WHAT NEEDS TO BE DONE - In the material below, find the line containing "1927 Wills Cigarette" and the line containing "Goku No.746 |". Output those two lines and all lines between them exactly, without pictures.

AVAILABLE DATA -

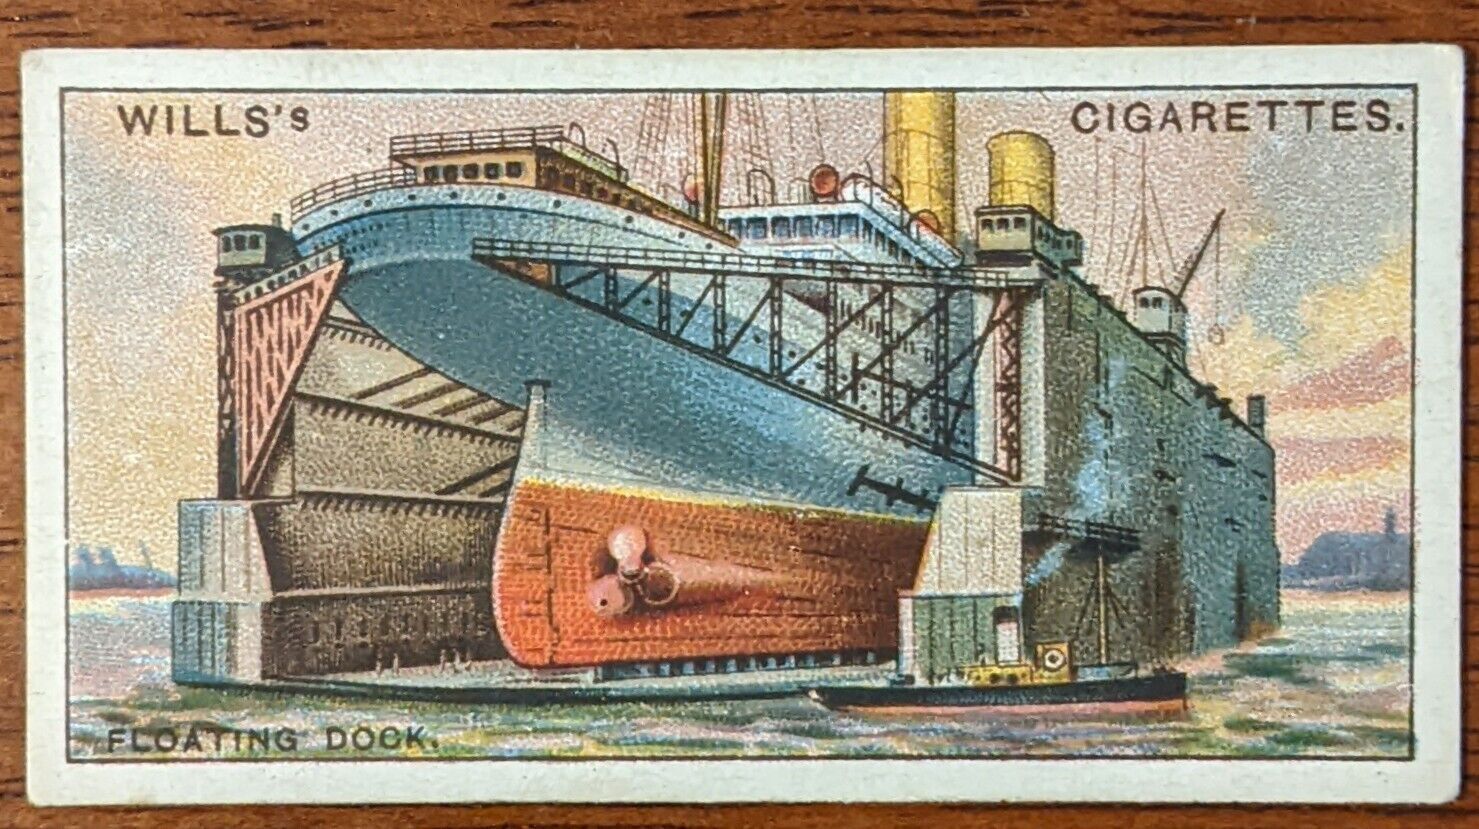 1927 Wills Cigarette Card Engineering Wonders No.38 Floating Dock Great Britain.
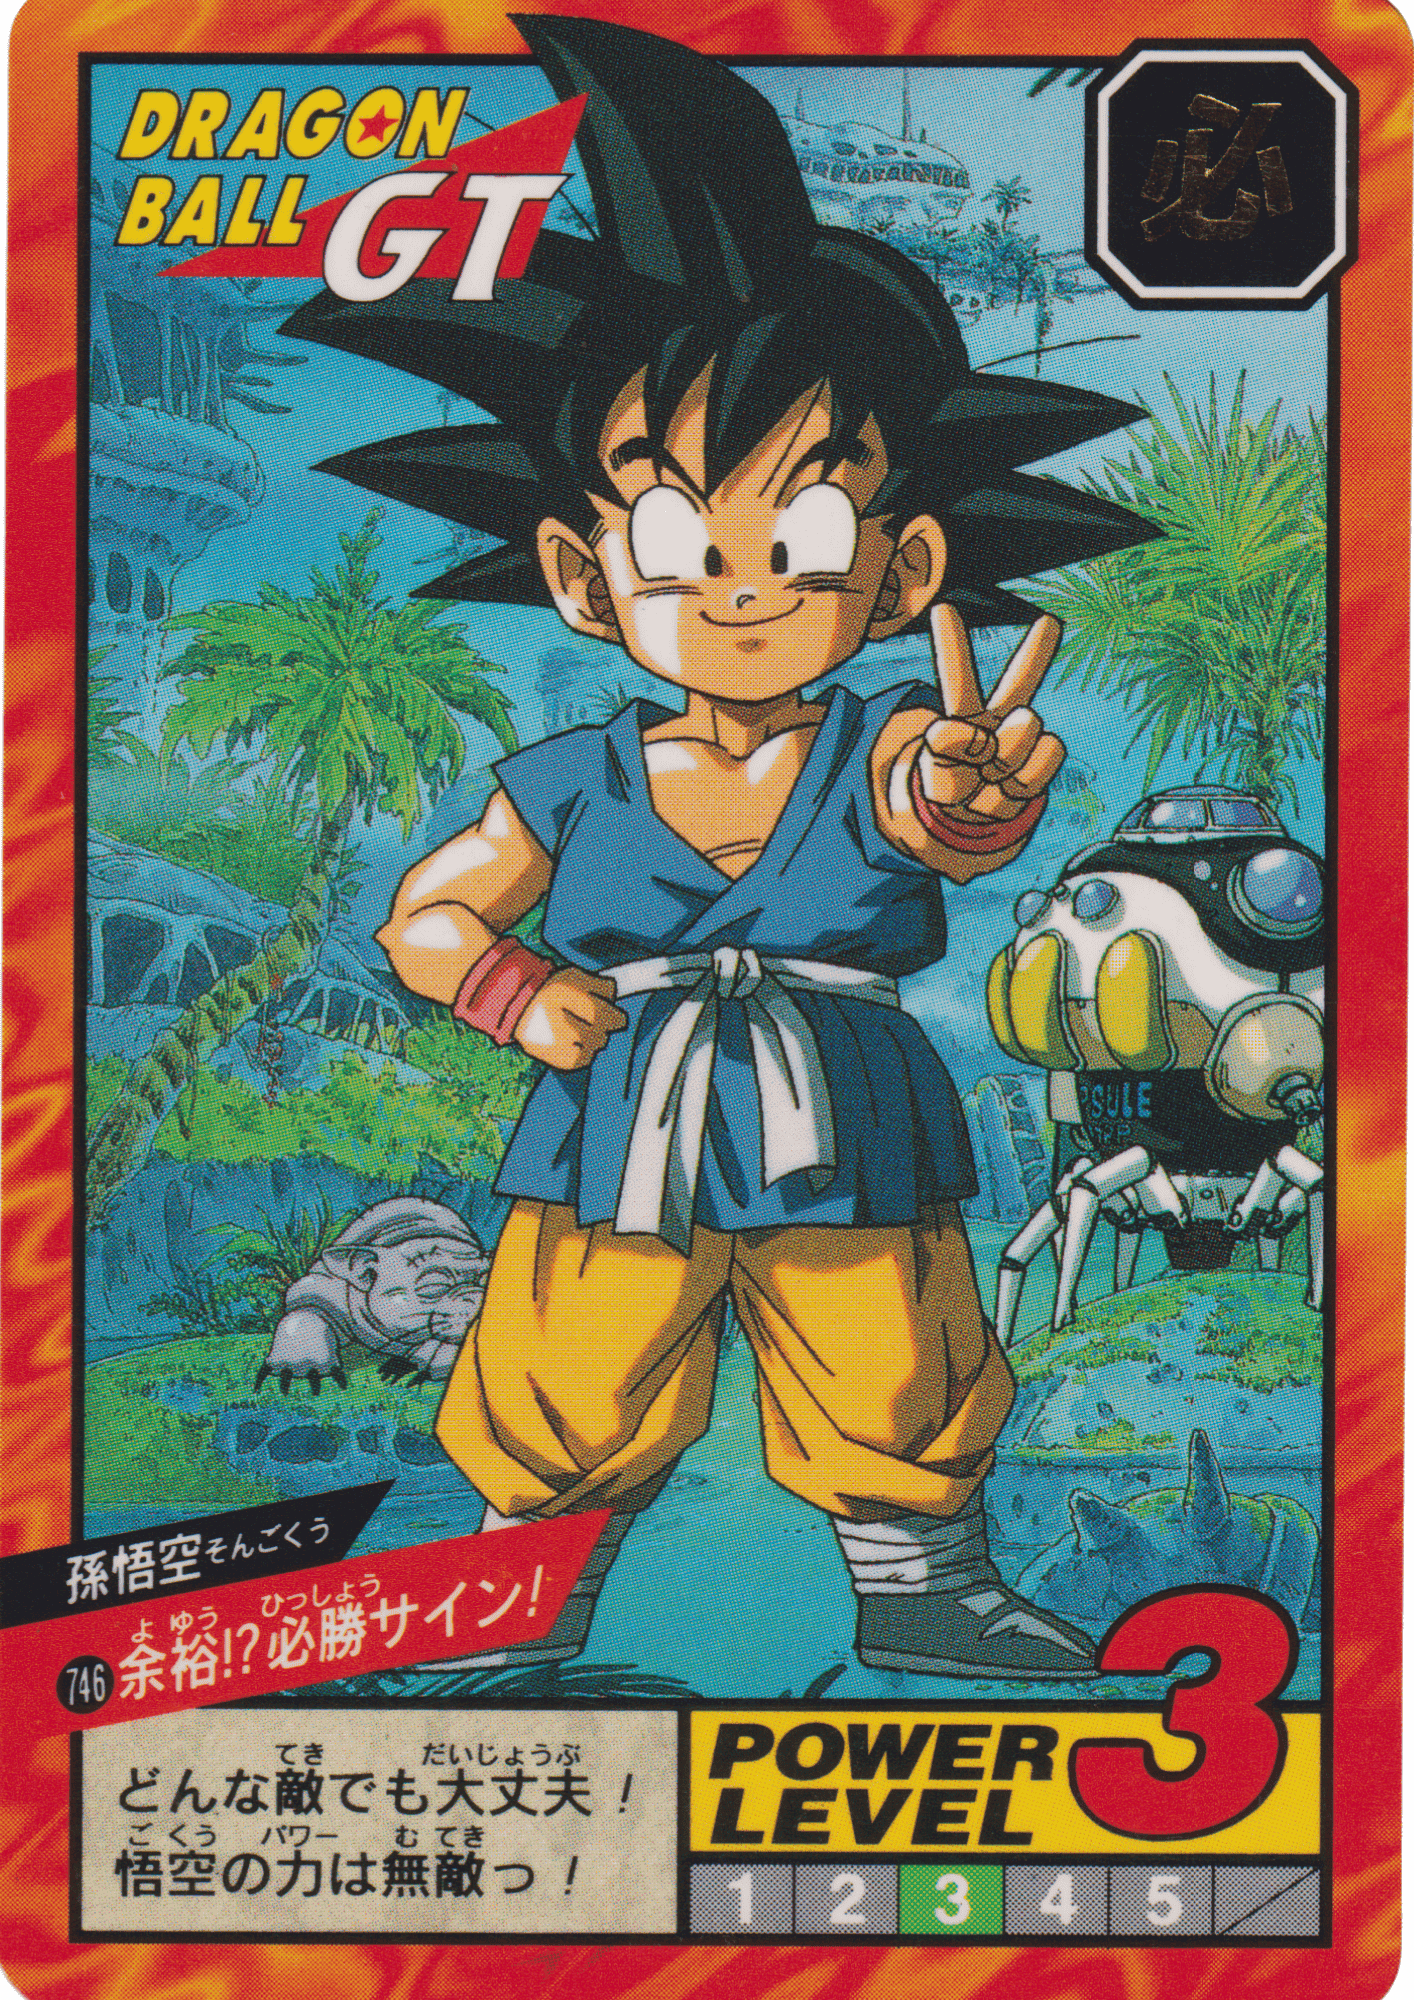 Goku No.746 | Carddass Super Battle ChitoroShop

---

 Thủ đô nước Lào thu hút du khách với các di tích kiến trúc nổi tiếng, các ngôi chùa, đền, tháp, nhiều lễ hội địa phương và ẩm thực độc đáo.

TASK RESPONSE -
 1927 Wills Cigarette Card Engineering Wonders No.38 Floating Dock Great Britain.
 Goku No.746 | Carddass Super Battle ChitoroShop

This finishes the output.